COOPERATIVE EXTENSION
Washington State University

WSU/ Snohomish County Cooperative Extension
600 - 128th St. SE
Everett, WA. 98208

HEALTH TALK...

Volume 11 Issue 10                       February 1999


Nutrition News ...

Be Sensible About Salt

It is naturally present in foods. It is added to canned, packaged, and frozen foods to flavor and preserve them. We add it during cooking. We sprinkle it on our meal at the table. It makes food taste good. It is good for us--in limited amounts.

Salt is a necessary part of life, not only because it flavors and protects foods. Our bodies need sodium, which is present in salt, because it helps to maintain blood volume, regulate water balance, transmit nerve impulses and perform other vital functions.

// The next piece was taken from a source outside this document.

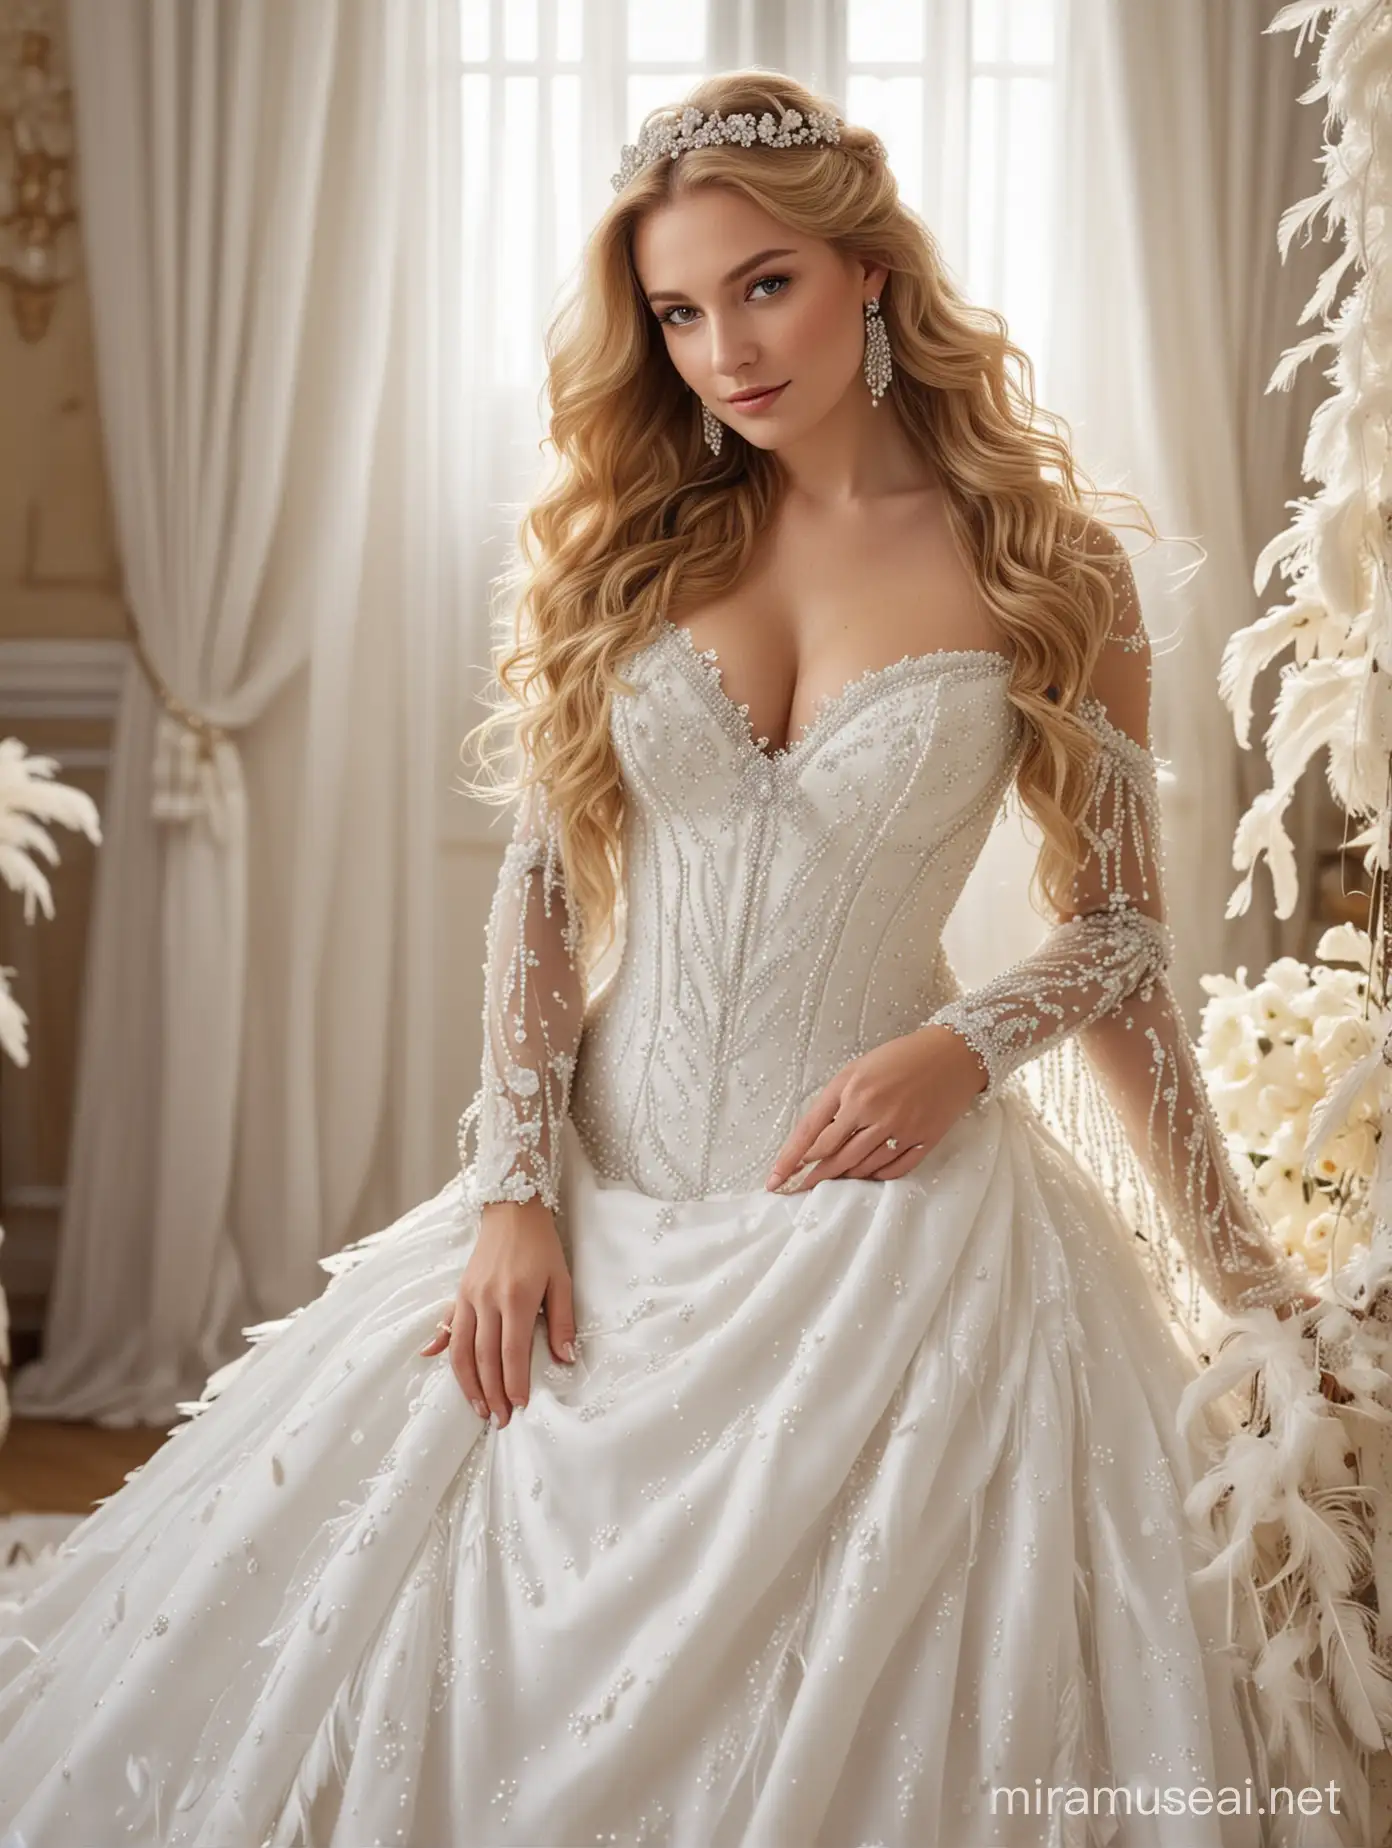 A girl with long golden hair and a curvaceous body in a long wedding dress, full of pearls on the sleeves, small feathers on the sleeves and large pearls on the bottom of the wedding dress, long feathers, bare chest.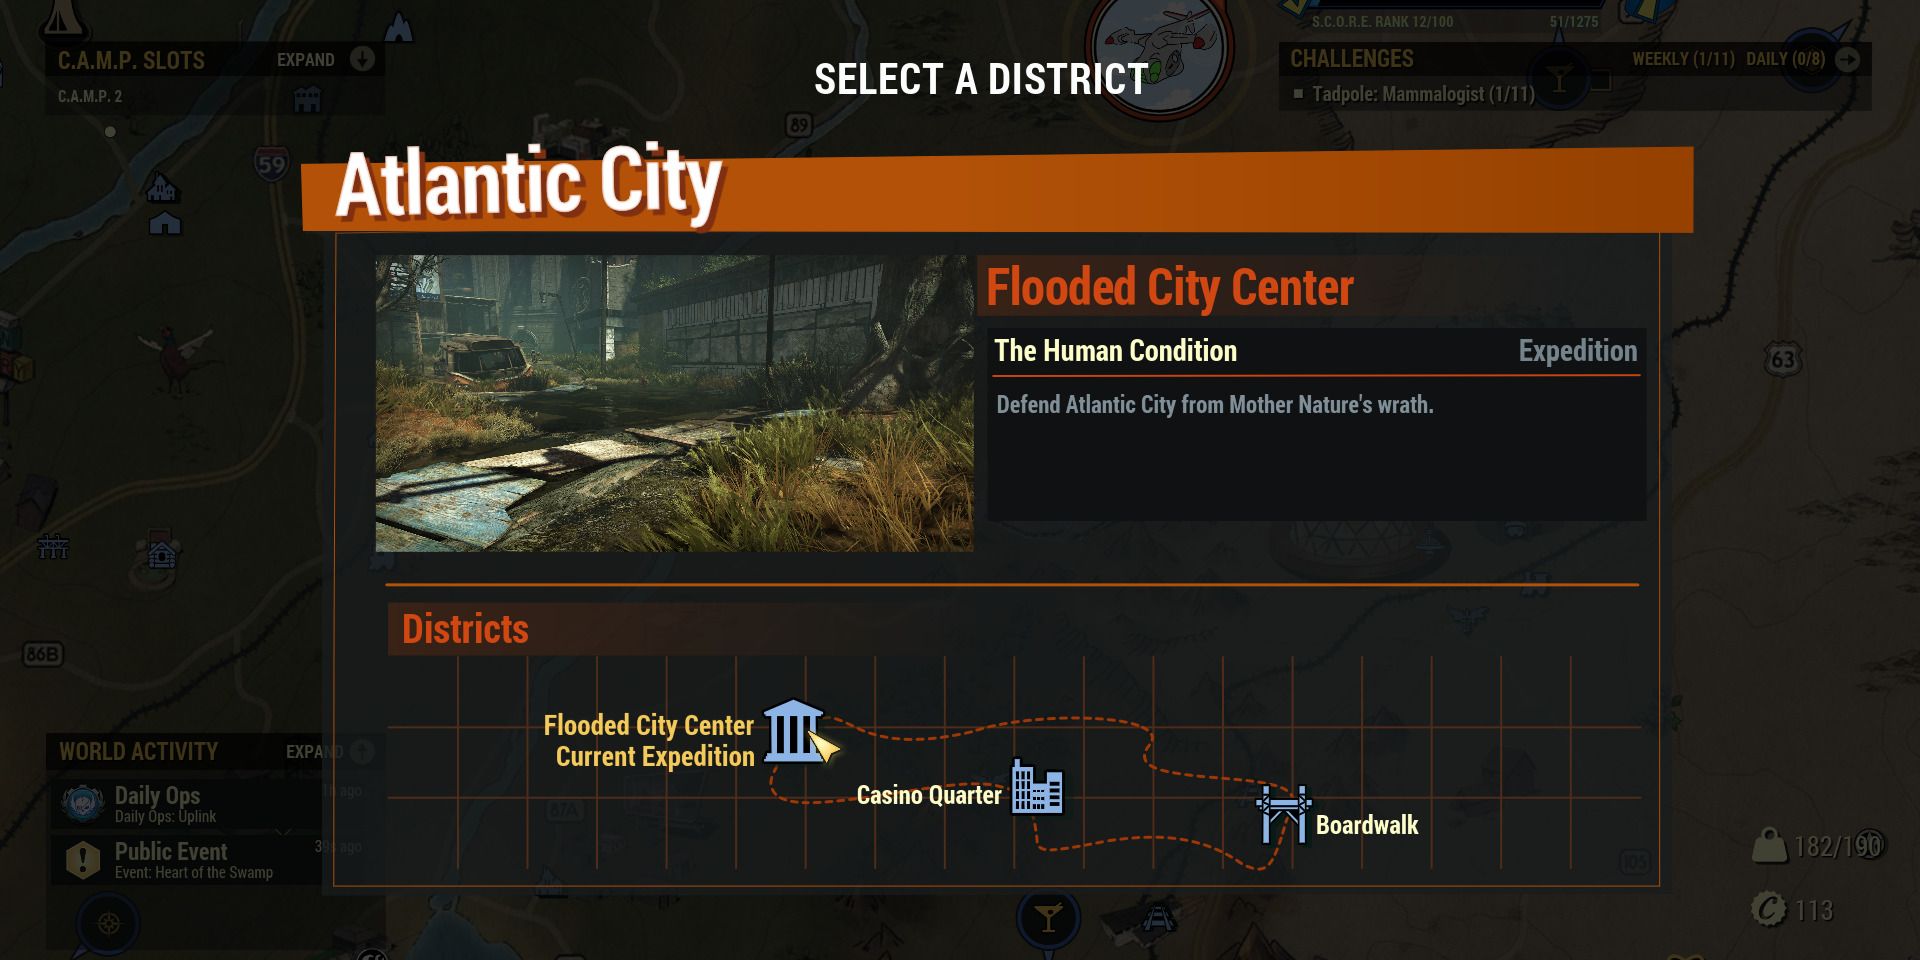 Image of the flooded ‍city center in Atlantic ‍City in ‍Fallout 76

But many people consume far too much of it. Salt consists of 40 percent sodium and 60 percent chloride. One teaspoon of salt has 2 grams of sodium. The Food and Nutrition Board of the National Academy of Sciences believes that an adequate and safe level of sodium each day is 1.1 to 3.3 grams per day. Americans consume between 2.3 and 6.9 grams daily.

High Blood Pressure

Older people in particular should be cautious about using too much salt. The main reason for caution is that overuse of sodium is one factor that is associated with high blood pressure (HBP).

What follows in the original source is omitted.